EVALUATION AND DIAGNOSIS

When to suspect fibromyalgia — Juvenile primary fibromyalgia syndrome (JPFS) should be suspected in older children (typically >9 years old) who have chronic (typically >3 months), diffuse, widespread pain that impacts their daily activities and is associated with other symptoms such as headache, fatigue, sleep or mood disturbances, abdominal pain, irritable bowel symptoms, and/or orthostatic hypotension.

History — The history in children suspected of having JPFS is focused on excluding alternative diagnoses as well as assessing the extent of symptoms and the subsequent psychosocial impact.

When obtaining the history, we typically ask patients and their caregivers about the following elements:

●The onset of symptoms, including if there were any potential predisposing factors or triggers such as infections, vaccinations, physical injuries, or physically or psychologically stressful events.

●The type of pain, including its location, quality, intensity, temporal pattern, duration, and aggravating factors (eg, physical activity, stress, changes in the weather).

●Other symptoms in addition to pain, including headache, fatigue, sleep or mood disturbances, abdominal pain, irritable bowel symptoms, and/or orthostatic hypotension.

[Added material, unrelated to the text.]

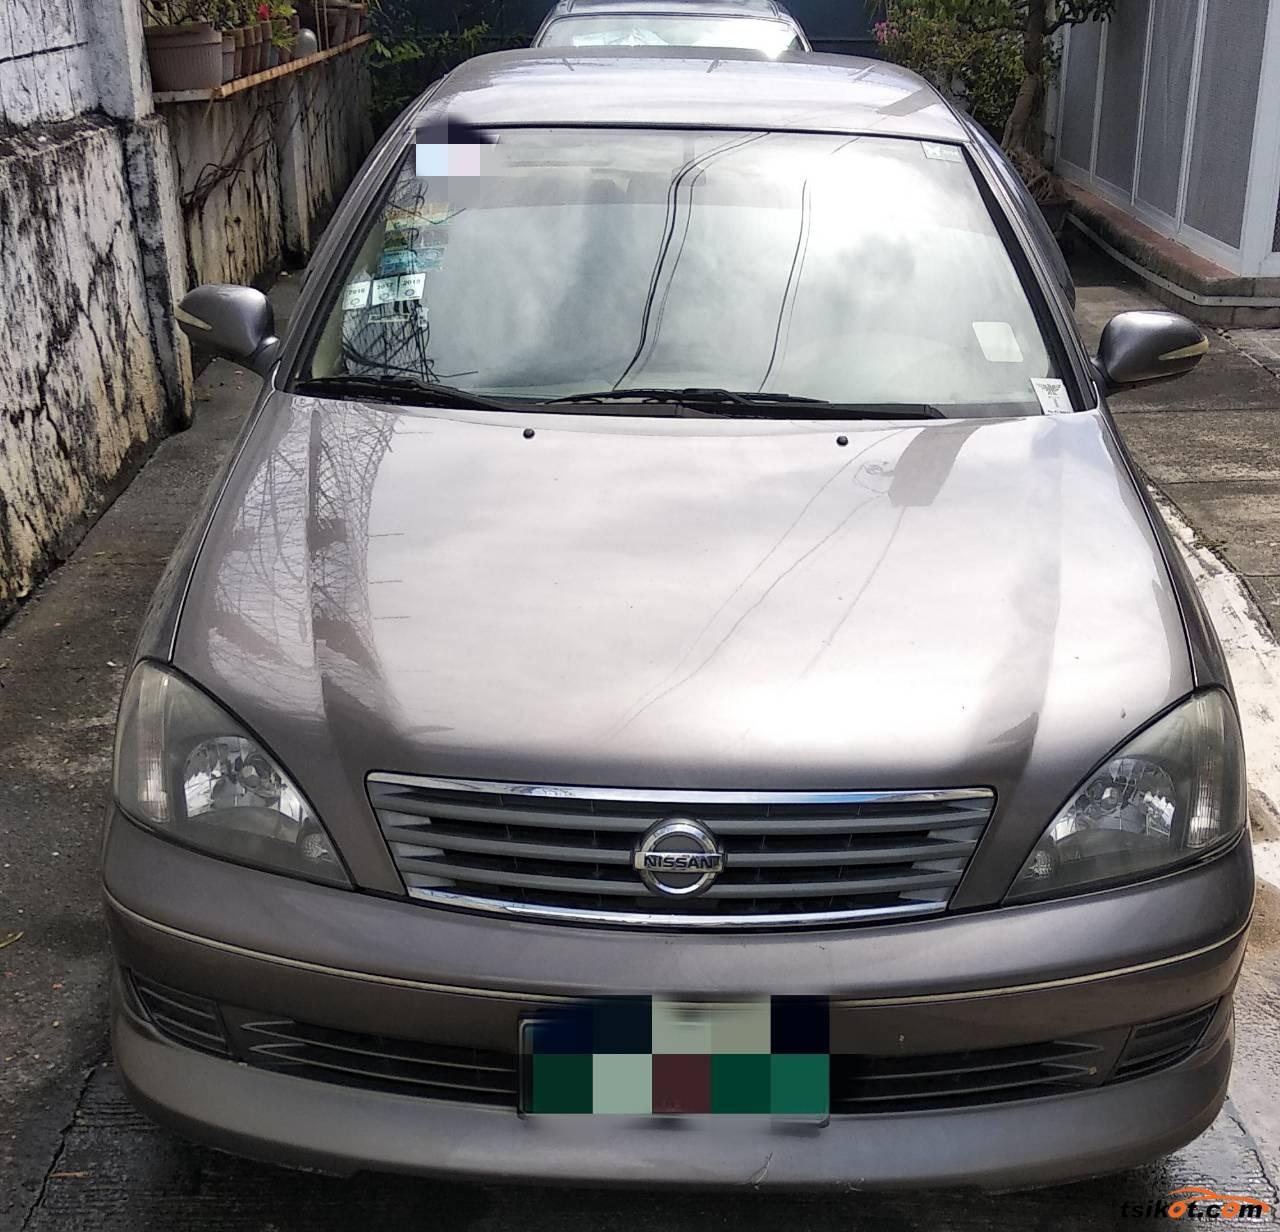 Nissan Sentra 2007 - 1

●The impact of symptoms on their daily activities, including school attendance and physical activity, and any positive coping strategies they have identified.

●The use of any specific treatments and the outcome, including nonsteroidal antiinflammatory drugs (NSAIDs), topical medications (eg, diclofenac gel), dietary changes, supplements, physical therapy, and/or complementary and alternative medicine practices (eg, acupuncture, massage).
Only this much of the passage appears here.